Problem to work on
Transcribe every line below exactly; no image goes into the output.

Data block
════════════════════

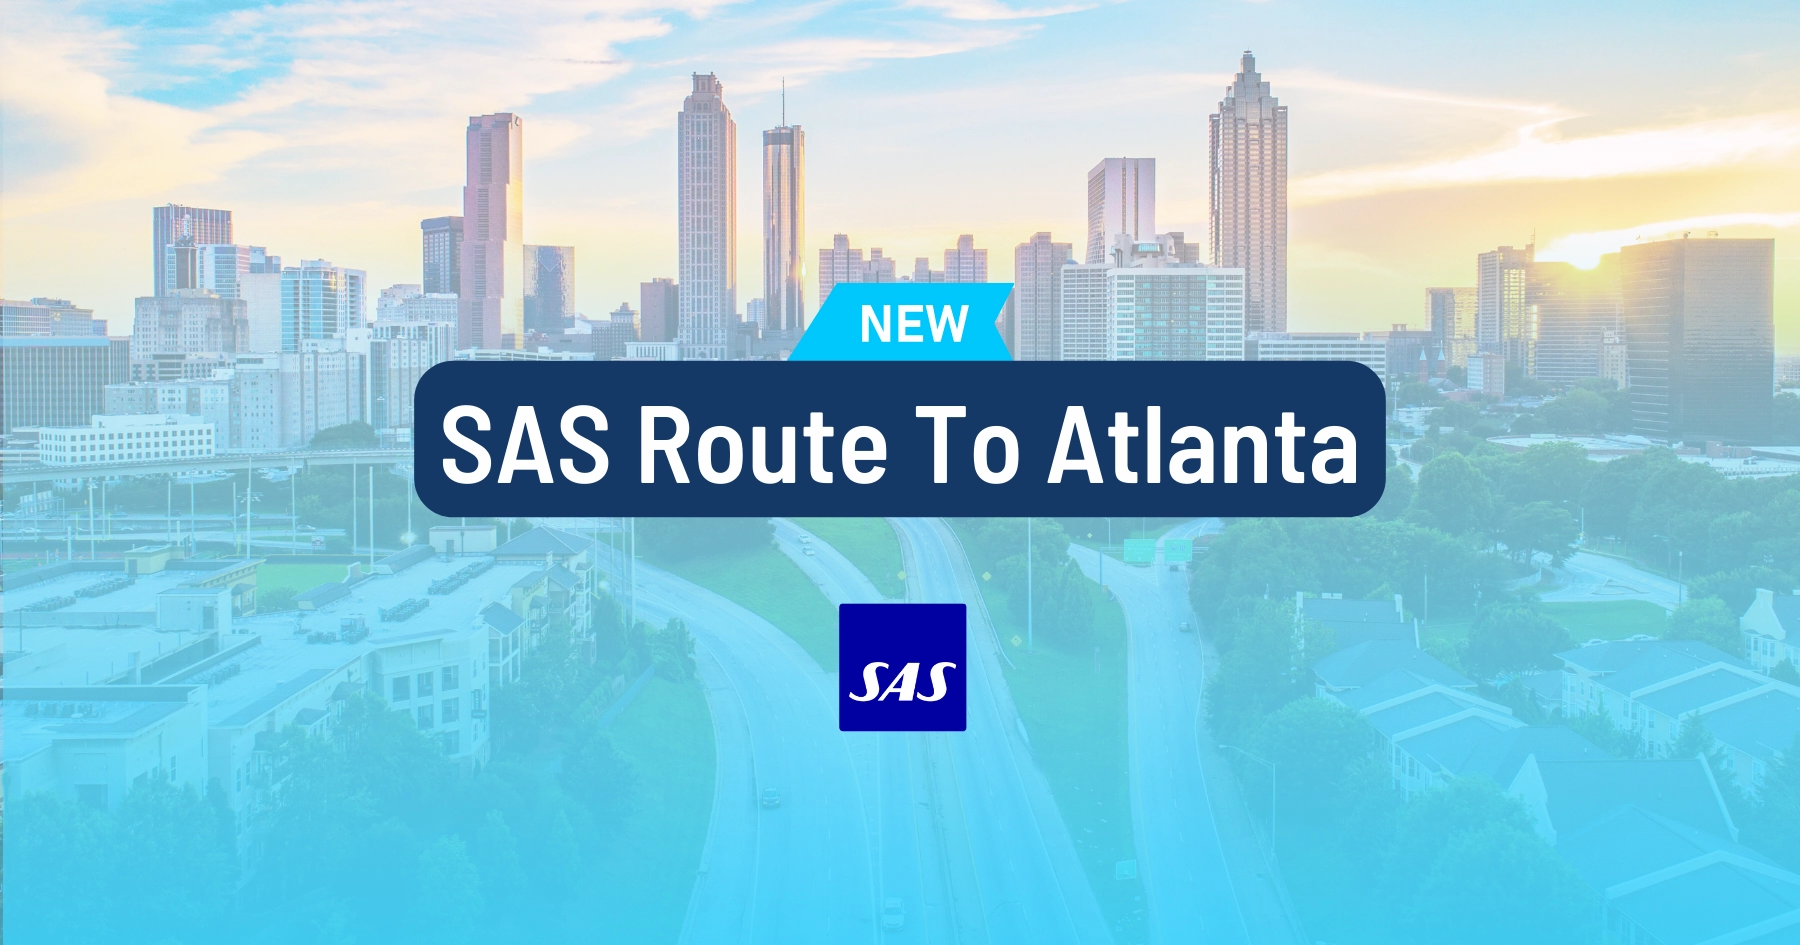 SAS Opens New Route To Atlanta And Cooperation With Delta.
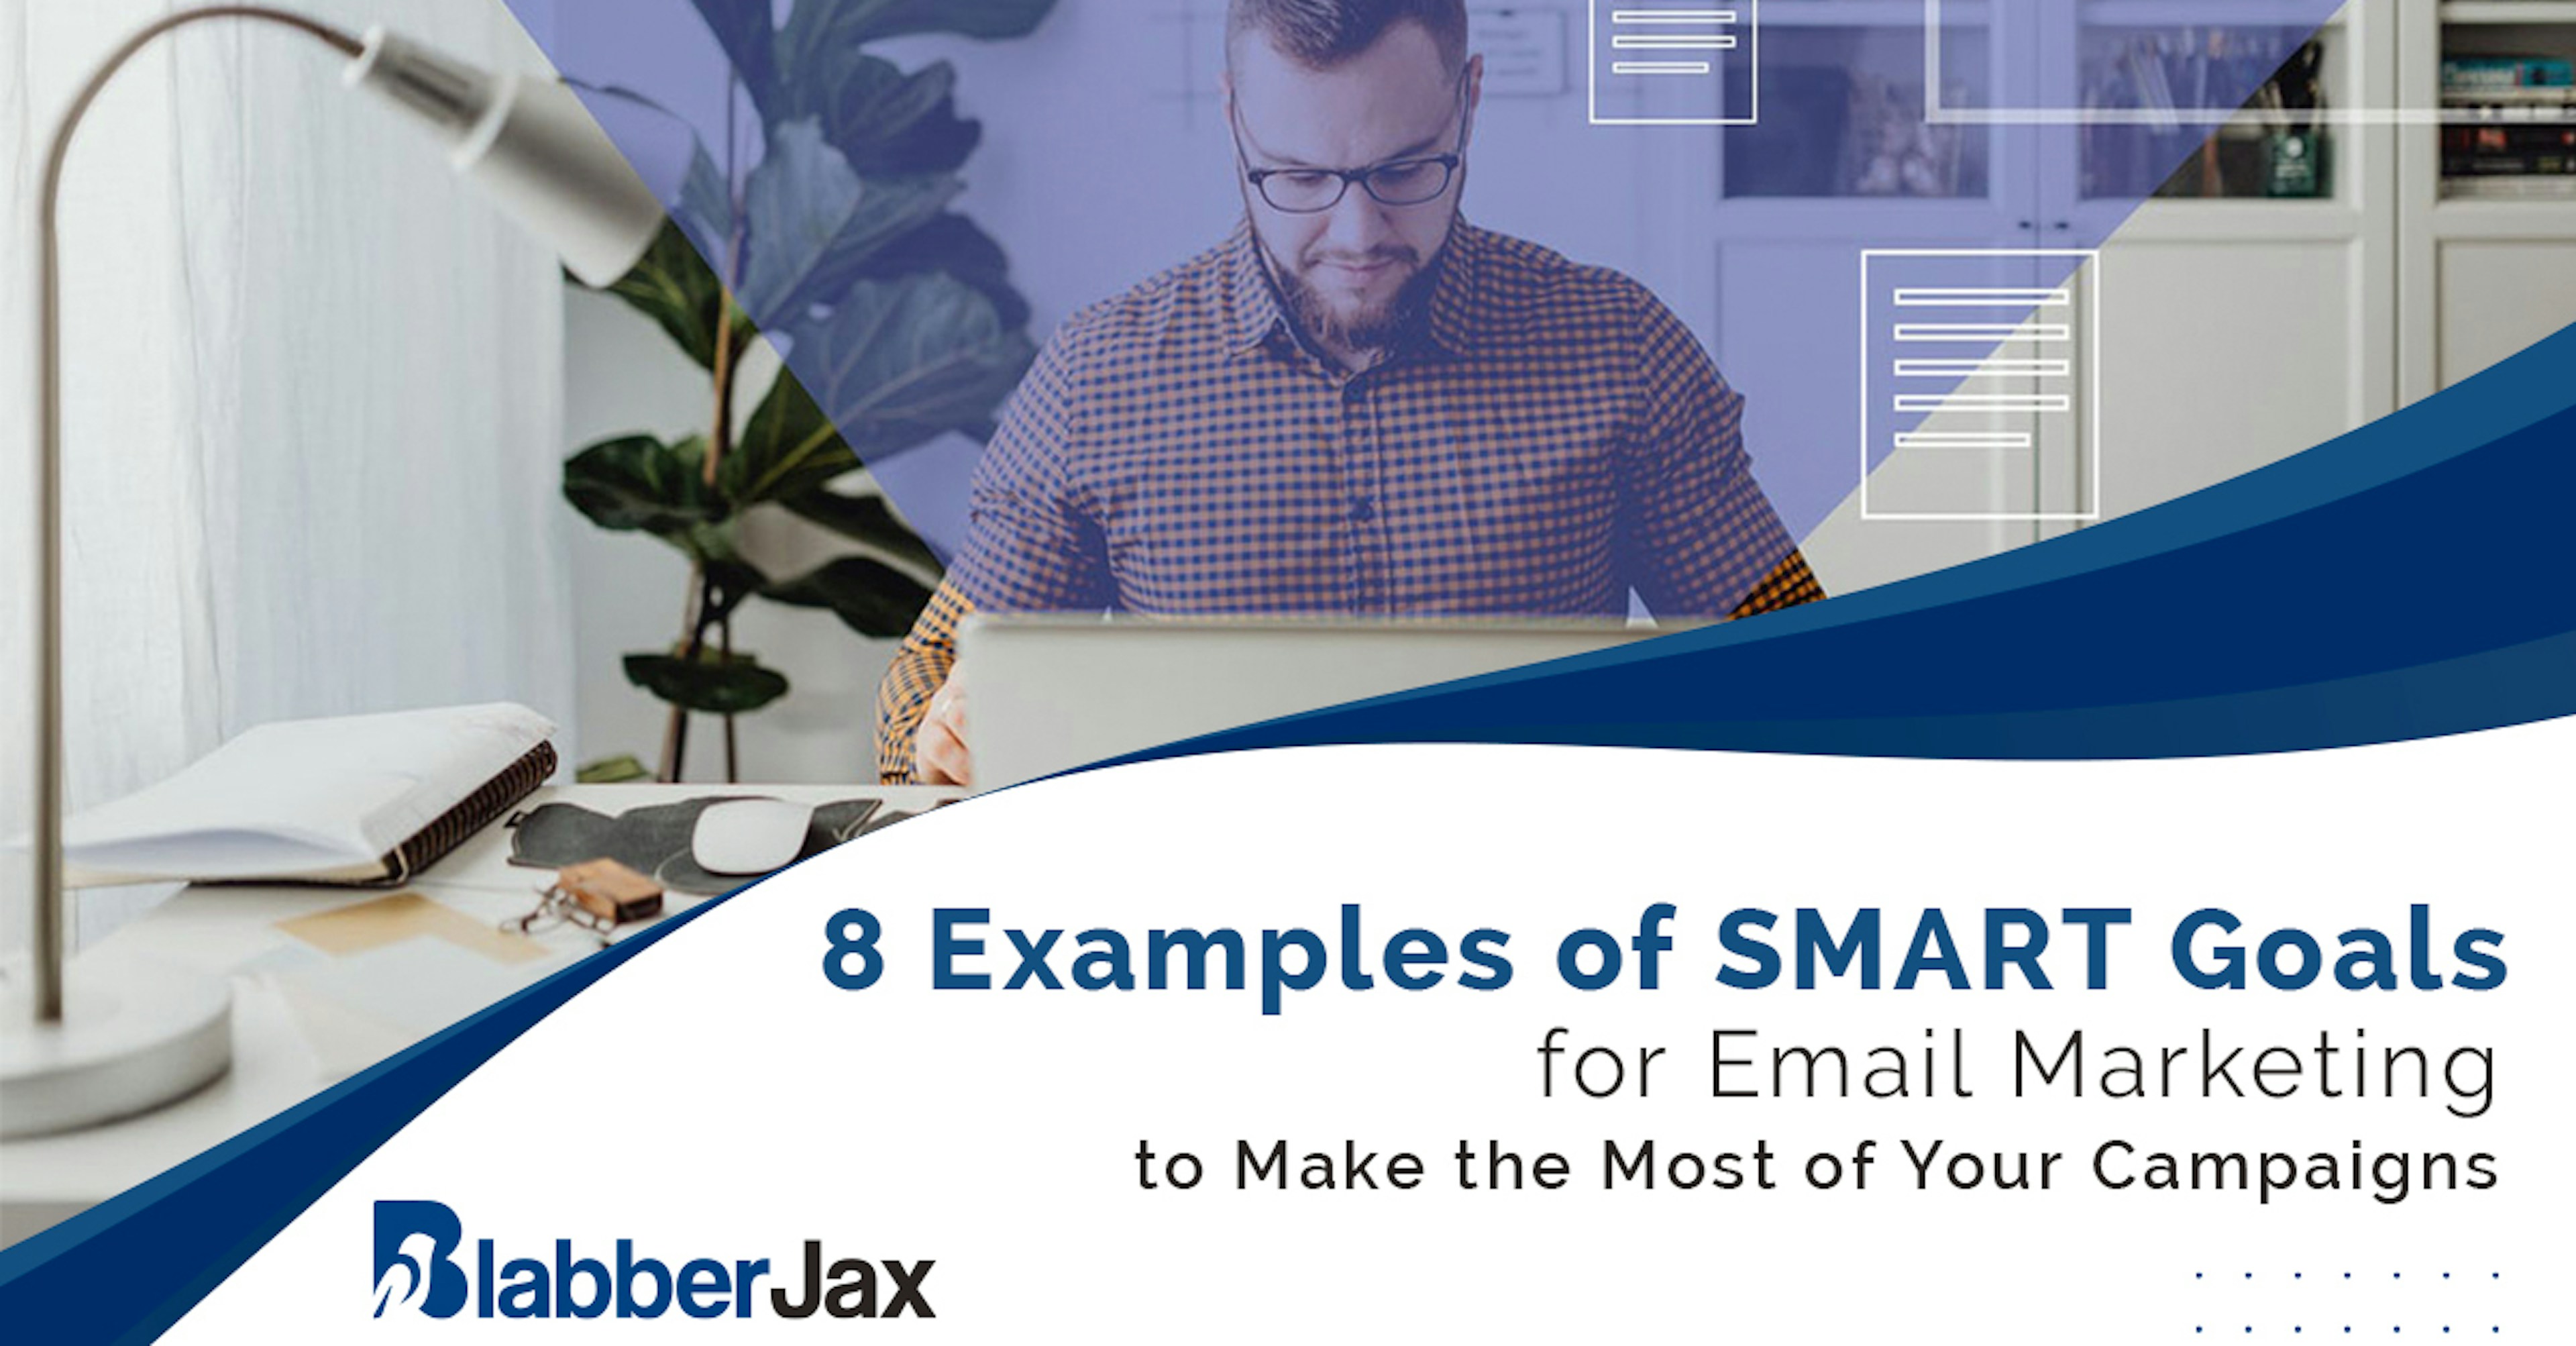 8 Examples of SMART Goals for Email Marketing to Make the Most of Your Campaigns
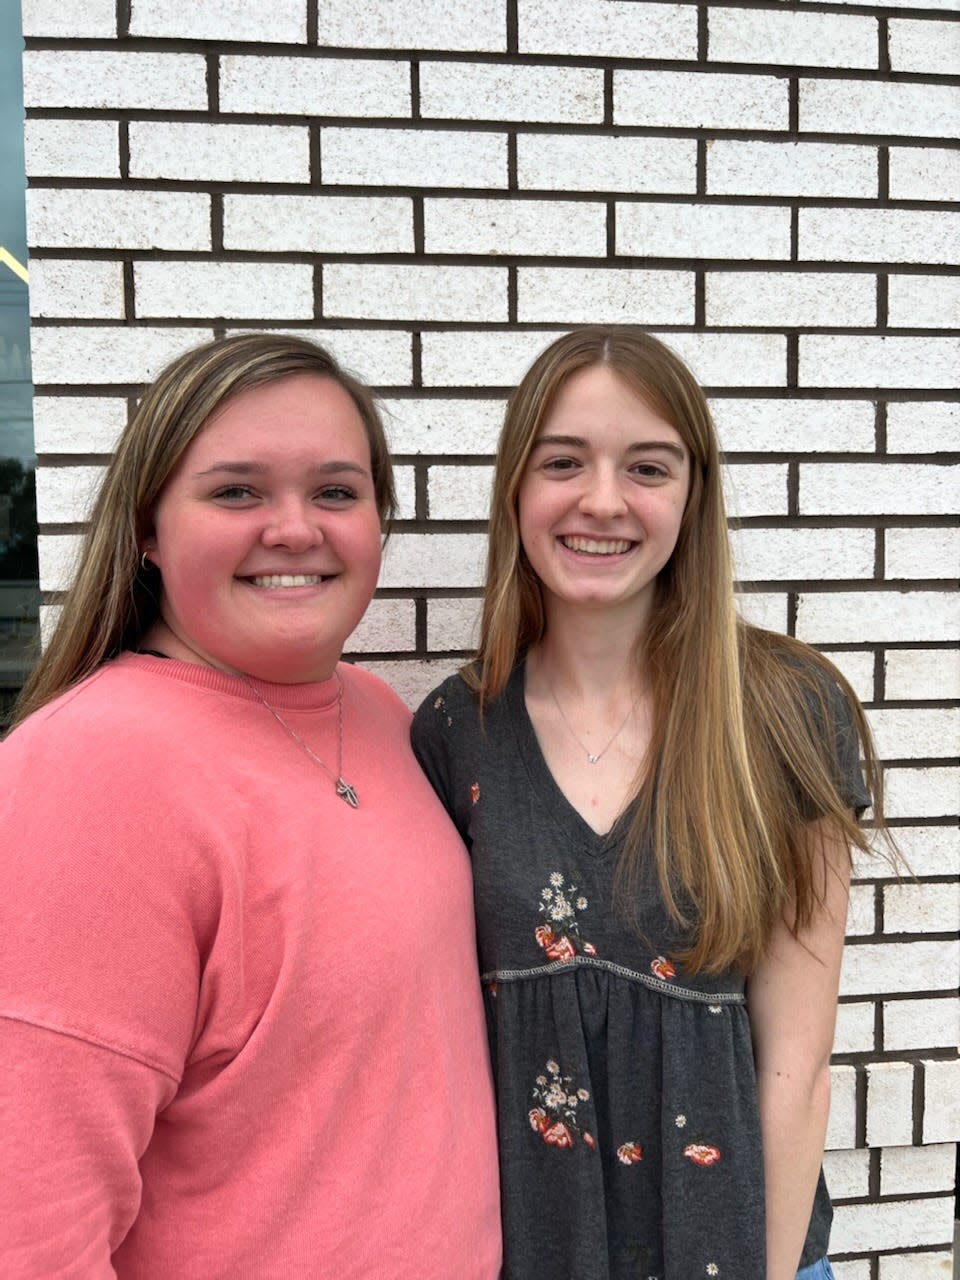 Morgan Brown and Chelsea Tharp took part in Buckeye Girls State 2022 in June 2022 at the University of Mount Union.

════════════════════

Your solution
 SAS Opens New Route To Atlanta And Cooperation With Delta.
 8 Examples of SMART Goals for Email Marketing to Make the Most of Your Campaigns
 Morgan Brown and Chelsea Tharp took part in Buckeye Girls State 2022 in June 2022 at the University of Mount Union.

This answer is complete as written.